Aside from training on GAP, farmers, including agriculture students, will be trained on postharvest handling and processing, and entrepreneurship and BSU considers BAPTC as one of the venues to enhance its Research and Development services by providing technical assistance to farmers, traders, and consumers.

BAPTC also has 10 cold storage rooms capable of storing 28 tons of goods to extend the shelf life of the perishable semi-temperate vegetables. This will save farmers huge possible losses in times when they are not able to immediately transport their crops to the markets.

Balanza said that while close to 90 farmer organizations with more than 20,000 members have already signified their support for the full operation of BAPTC, there remains the need to convince other stakeholders to move from the old trading post to BAPTC. She acknowledged the need for a continuing information education campaign on the value of the BAPTC and why farmers and traders need it very soon to cope up with ASEAN integration.
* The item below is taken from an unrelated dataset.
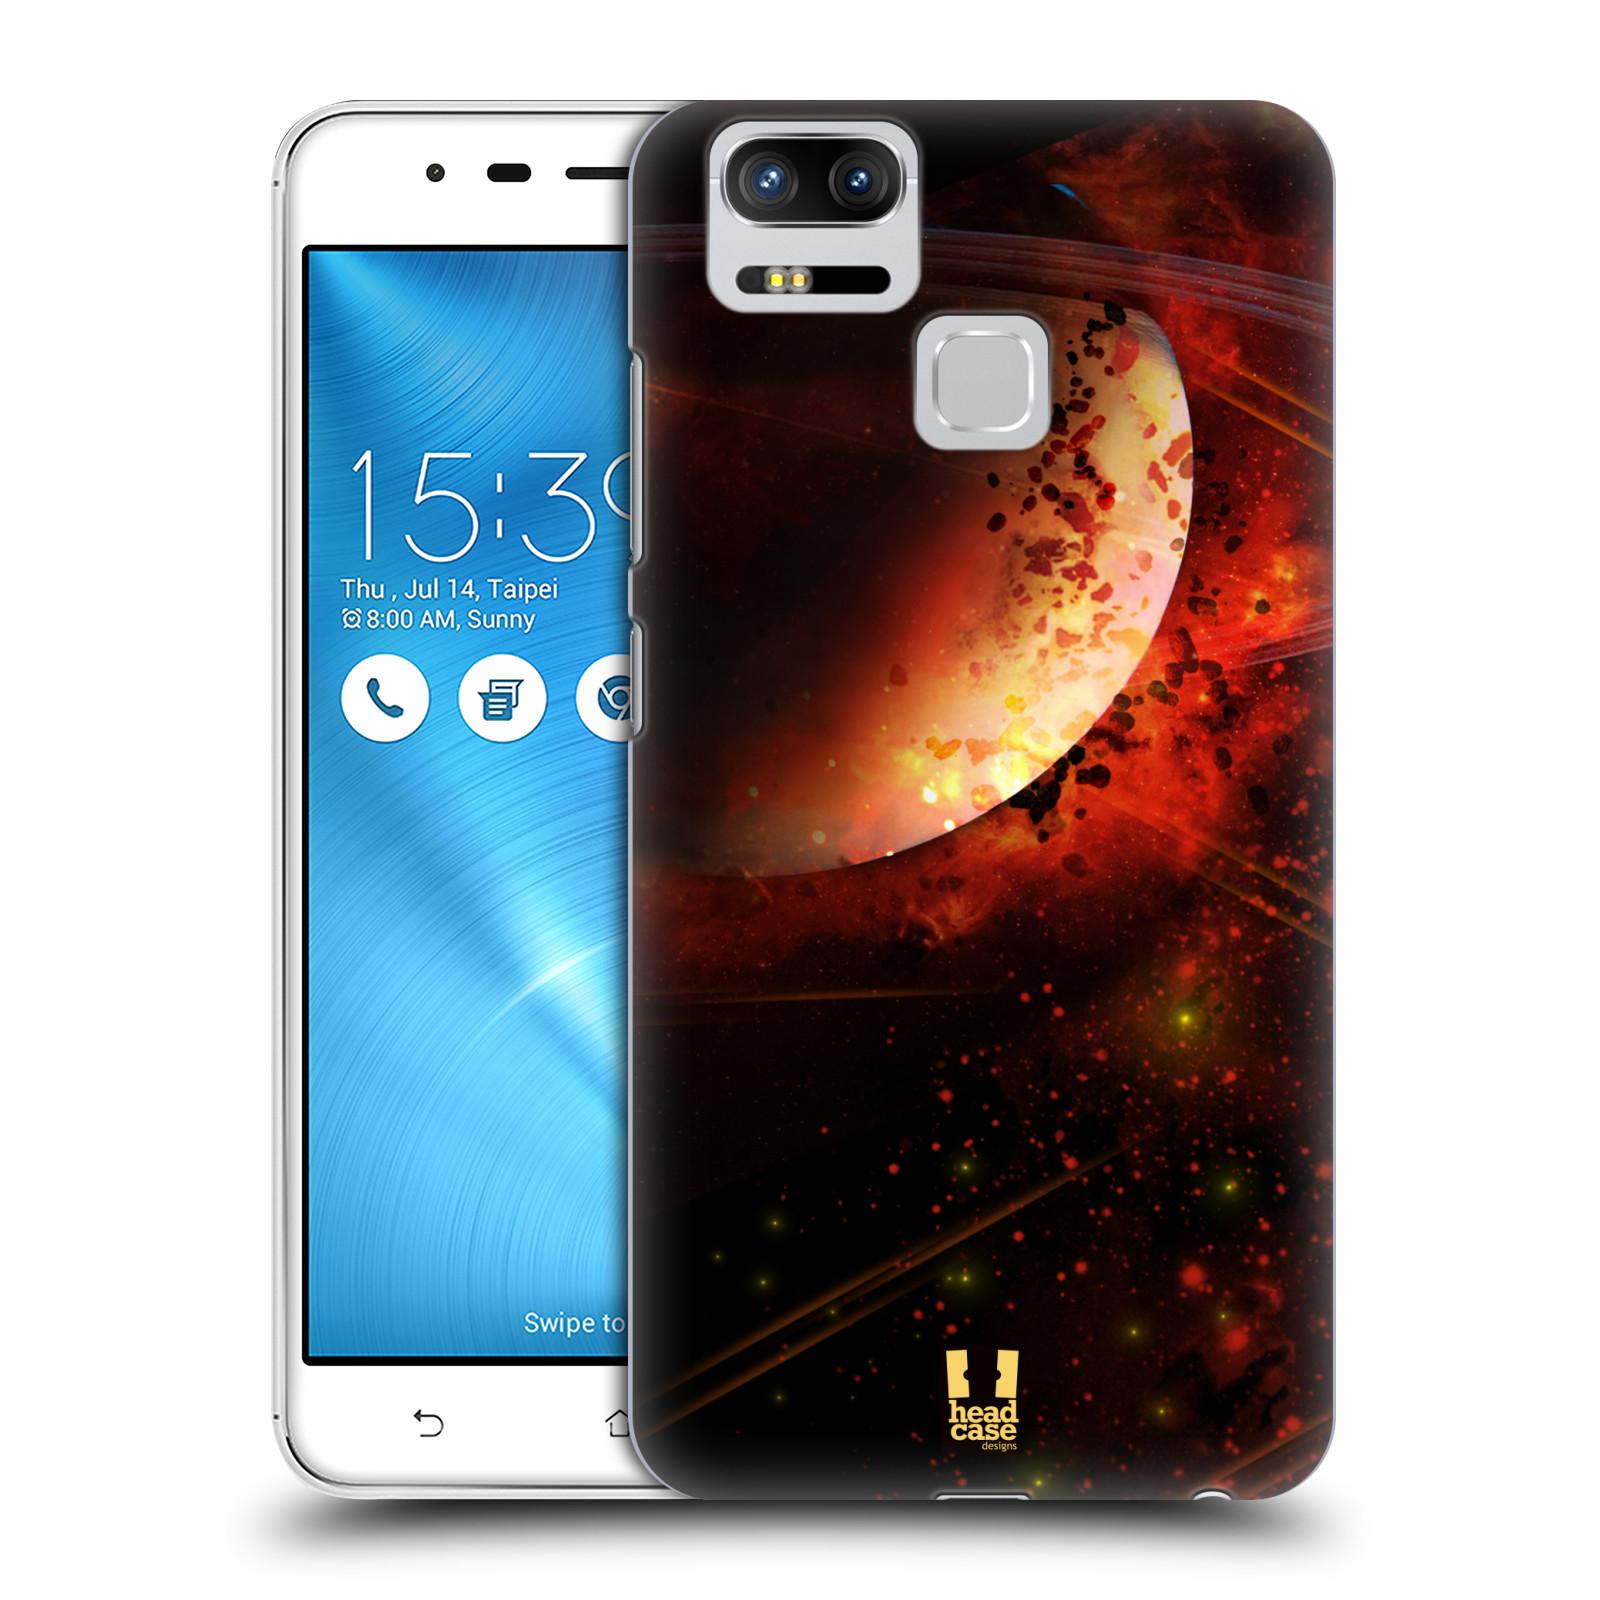 Plastové pouzdro na mobil Asus ZenFone 3 ZOOM ZE553KL - Head Case - SATURN (Plastový kryt či obal na mobilní telefon Asus ZenFone 3 ZOOM ZE553KL s motivem SATURN)

“In fact, BAPTC is the product of numerous request in the past for an extension of the old trading post. That’s why the BAPTC was envisioned not only as a trading center but also as a training and processing facility to empower the farmers, the traders and other stakeholders in the agriculture sector,” Balanza added.

Some, if not most of the traders, at the old trading post have standing debts to the so-called disposers. To address the problem of seasonal indebtedness, the DA through its Agriculture Credit Policy Council has also set up a booth at the old trading post in a bid to assist and provide farmers avail of loans.
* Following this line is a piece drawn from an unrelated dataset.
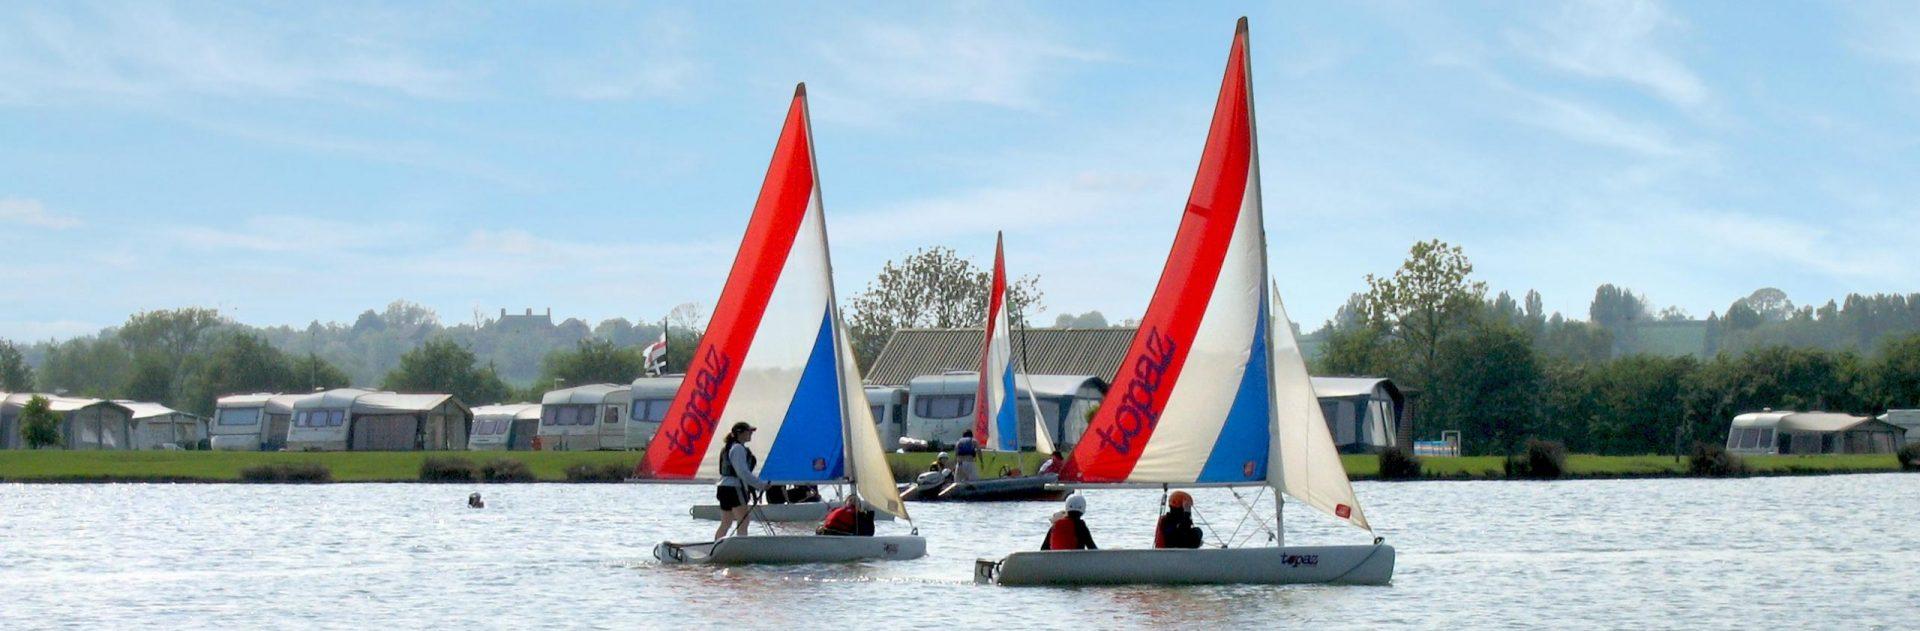 JCA Croft Farm sailing

One of the reasons why many farmers and traders are hesitant to transfer to BAPTC is that many of them are dependent on disposers, who act as middlemen and also provide farmers with loans. But previous BAPTC officials said the dependence of farmers and traders on disposers will be lessened, as programs for farmers on finances as well as personal loans will be facilitated once they become active members in the BAPTC.

Huge investments in infrastructure

to propel vegetable industry

While the requests for more tramlines and irrigation and other government interventions are to be carried out by the Duterte administration, Benguet farmers will soon enjoy faster and easier transport of products from their farms to the markets as more than P14B for infrastructure has been allocated for the province from 2011 to 2017.

“With these huge allocations on roads, bridges and infrastructure, we are confident that farmers in Benguet will be able to compete in terms of faster delivery of their products as travel time from their farms to the market will be greatly reduced. Likewise, better roads and infrastructures will further enhance economic activities in vegetable producing towns of our province,” said Cosalan.

The fulfillment of these promises remains to be seen and it is the ardent hope of farmers that the national government will make good on these declarations to further improve production, cut postharvest expenses, make access to capital or loans easy, and have safety nets against smuggling.A series of trainings will certainly help farmers level up in their farming methods.

The fate and future of the close to 350,000 vegetable farmers in the country’s Salad Bowl capital and the other millions of Filipino farmers are now in the hands of the Duterte administration.